Yet the latest formulation of U.S. counterterrorism
strategy, outlined by President Barack #Obama at West Point late last month, is
built around that very tenet. It is time to take stock of the hard lessons from
America’s inglorious history of dealing with local proxies and revise the
approach.
In #Iraq and #Afghanistan, the United States poured prodigious
resources into building and partnering with local forces, while officials
turned a blind eye to the toxic sectarianism and corruption (respectively) of
the two countries’ governments. Events in Iraq show the fundamental bankruptcy
of this approach.
ISIS’s lightning advance across Iraq’s Sunni heartland had
less to do with its strategic acumen or compelling vision than with how Iraqi
security institutions have come to embody the sectarianism, corruption and
nepotism of the government of Prime Minister Nuri al-Maliki. Even back in 2008,
the Iraqi security forces stubbornly blocked the reintegration of
American-backed “Sons of Iraq” that had fought against al Qaeda.

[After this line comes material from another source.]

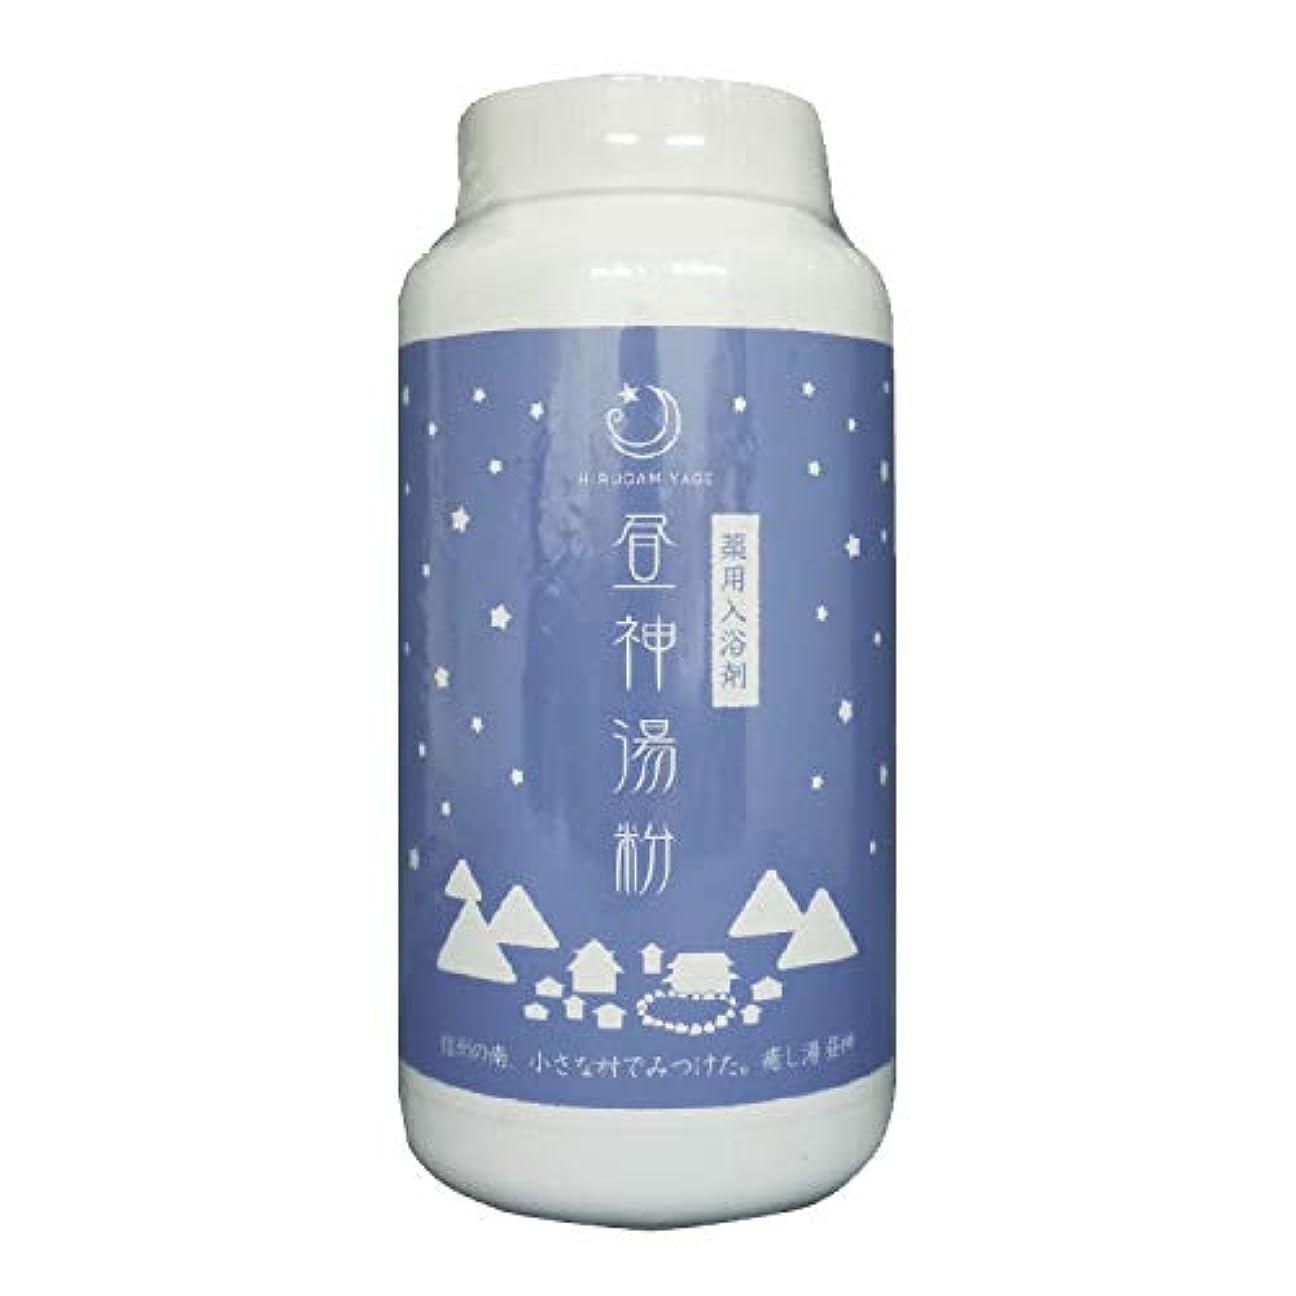 独立した火山学者再発する昼神の湯 薬用入浴剤(医薬部外品)ボトル 昼神温泉郷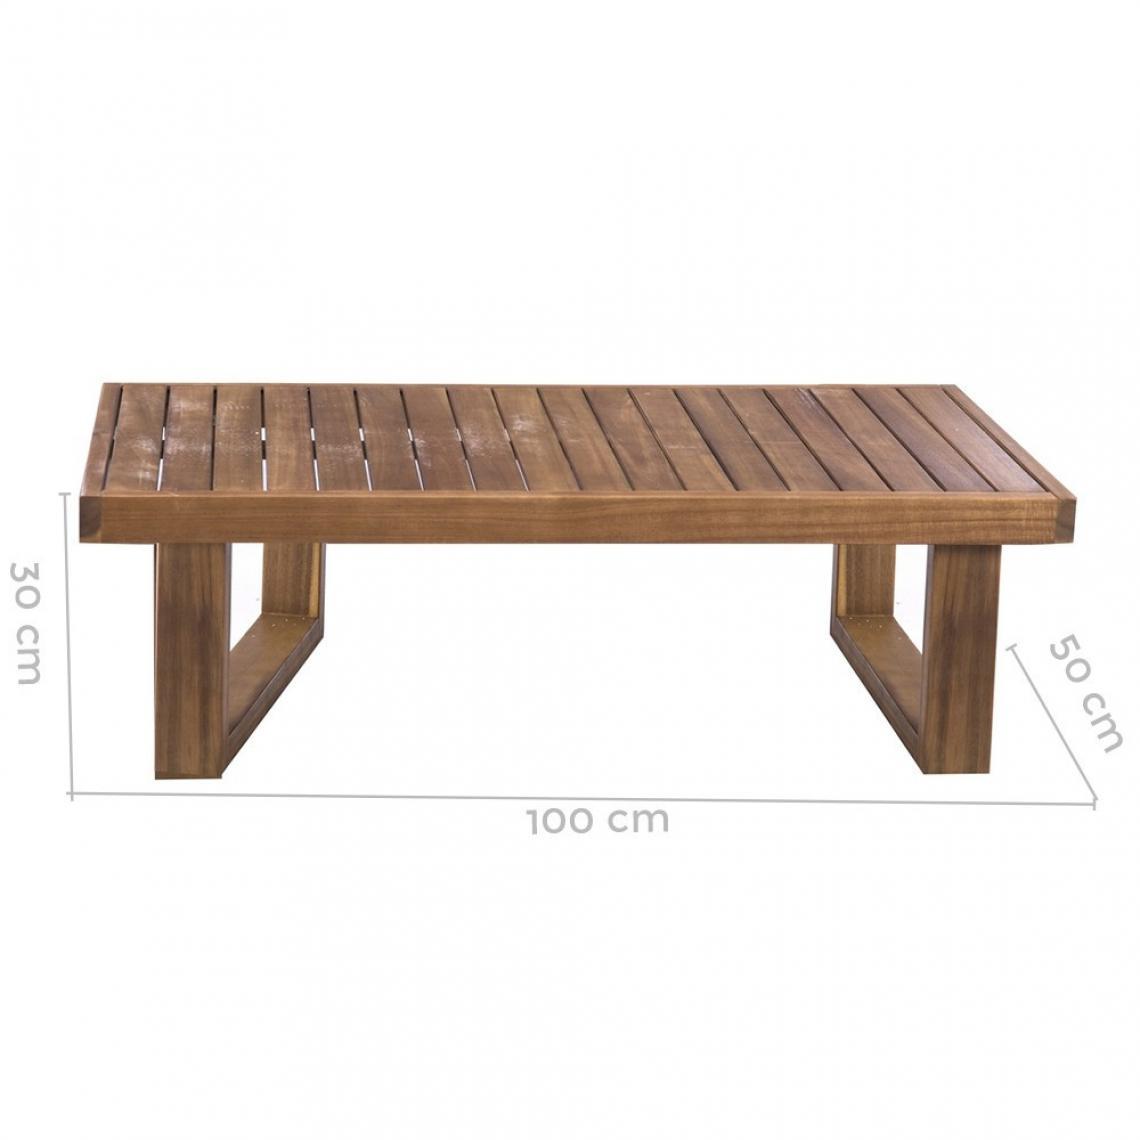 Table Basse Extérieur Teck Marron Luigo 3 Suisses

Some have suggested that more sustained U.S. mentoring and
advising—a residual force after the main withdrawal—could have averted the
current catastrophe by making the Iraqi Army more competent and less partisan.
But such notions vastly overstate U.S. leverage and influence.
It’s important to understand the limits of U.S. assistance:
It can help build security institutions, but it cannot shape how those
institutions are commandeered for personal, political or communal aims. Nor can
it substitute for a government seen as reasonably equitable and legitimate.
Although cases of mass desertion have been rare in
Afghanistan, and Afghan soldiers and police have stood their ground and borne a
terrible toll in the ongoing counterinsurgency campaign—losing more than 100
men per week during last year’s most intense period of fighting—more than a
third of the force trickles away each year through attrition. Today’s events in
Iraq bode ill for what will happen when the last U.S. forces leave in 2016.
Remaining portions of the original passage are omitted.